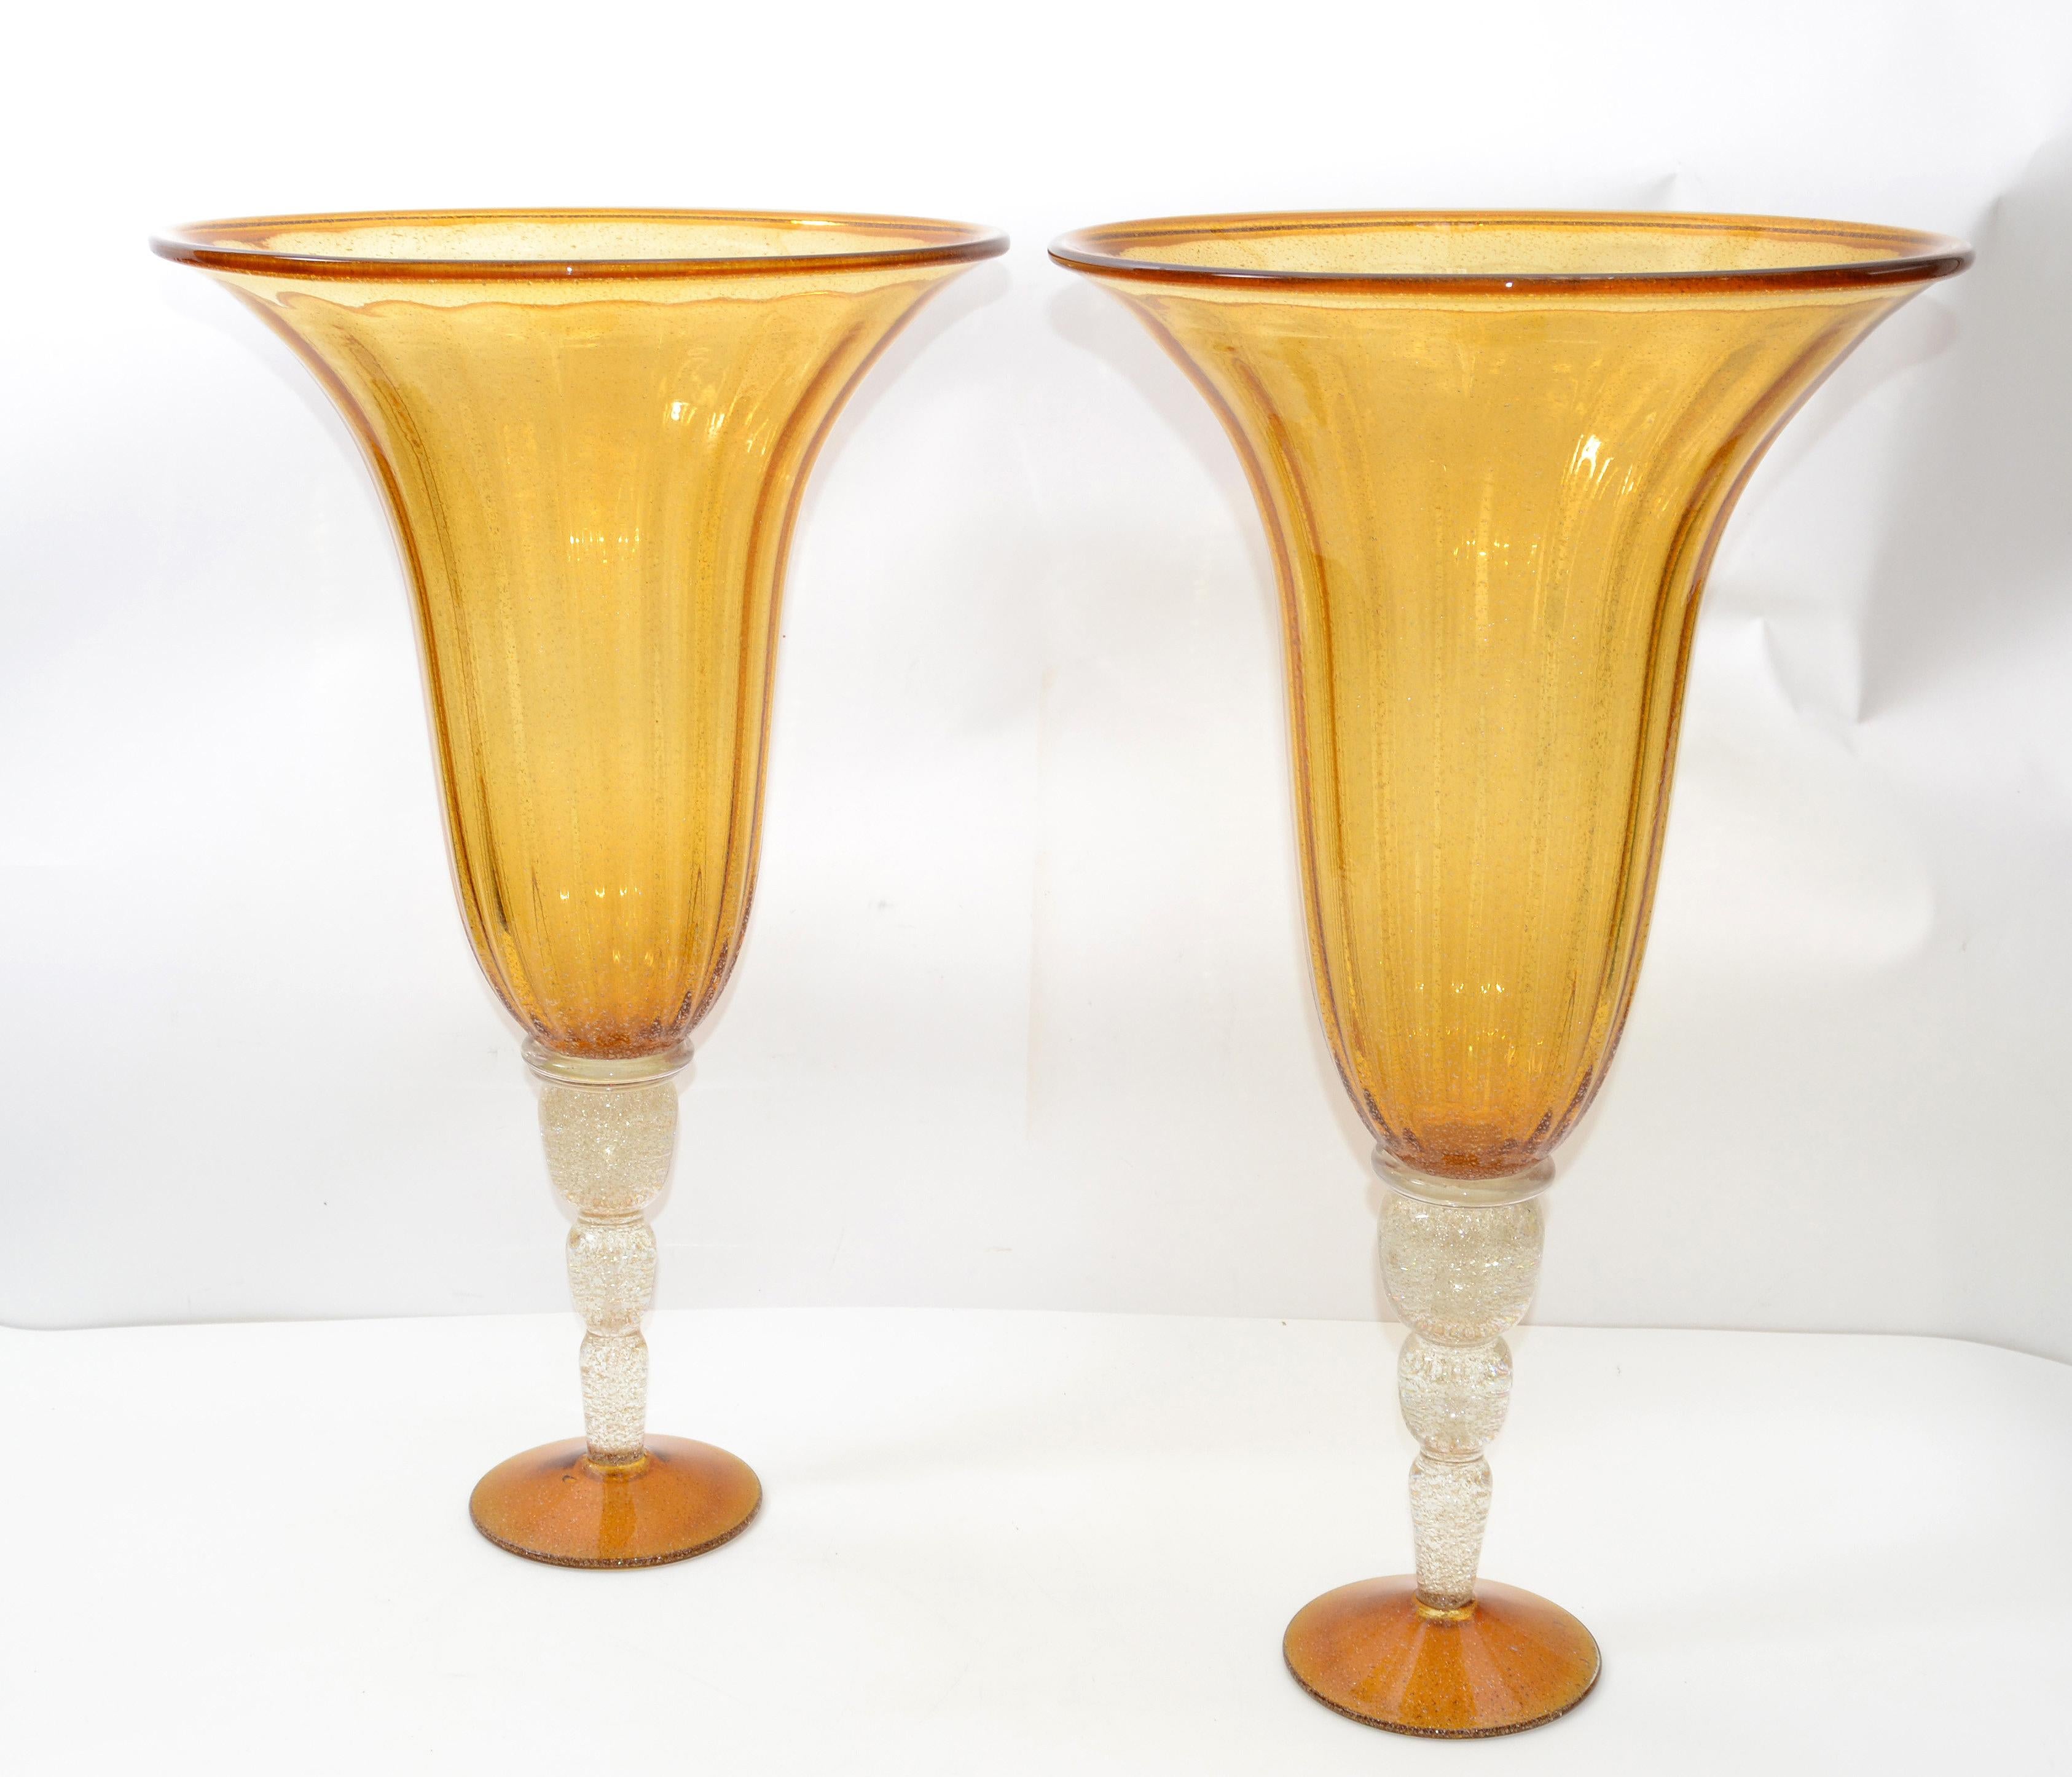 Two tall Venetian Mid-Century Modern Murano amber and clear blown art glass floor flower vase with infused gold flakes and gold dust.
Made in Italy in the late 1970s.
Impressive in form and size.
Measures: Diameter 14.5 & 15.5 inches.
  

* _What you are asked to do_
Return, with nothing added or dropped, the line containing "Impressive in form and size." and every line after it to the end of the listing above.

* _Output for this exercise_
Impressive in form and size.
Measures: Diameter 14.5 & 15.5 inches.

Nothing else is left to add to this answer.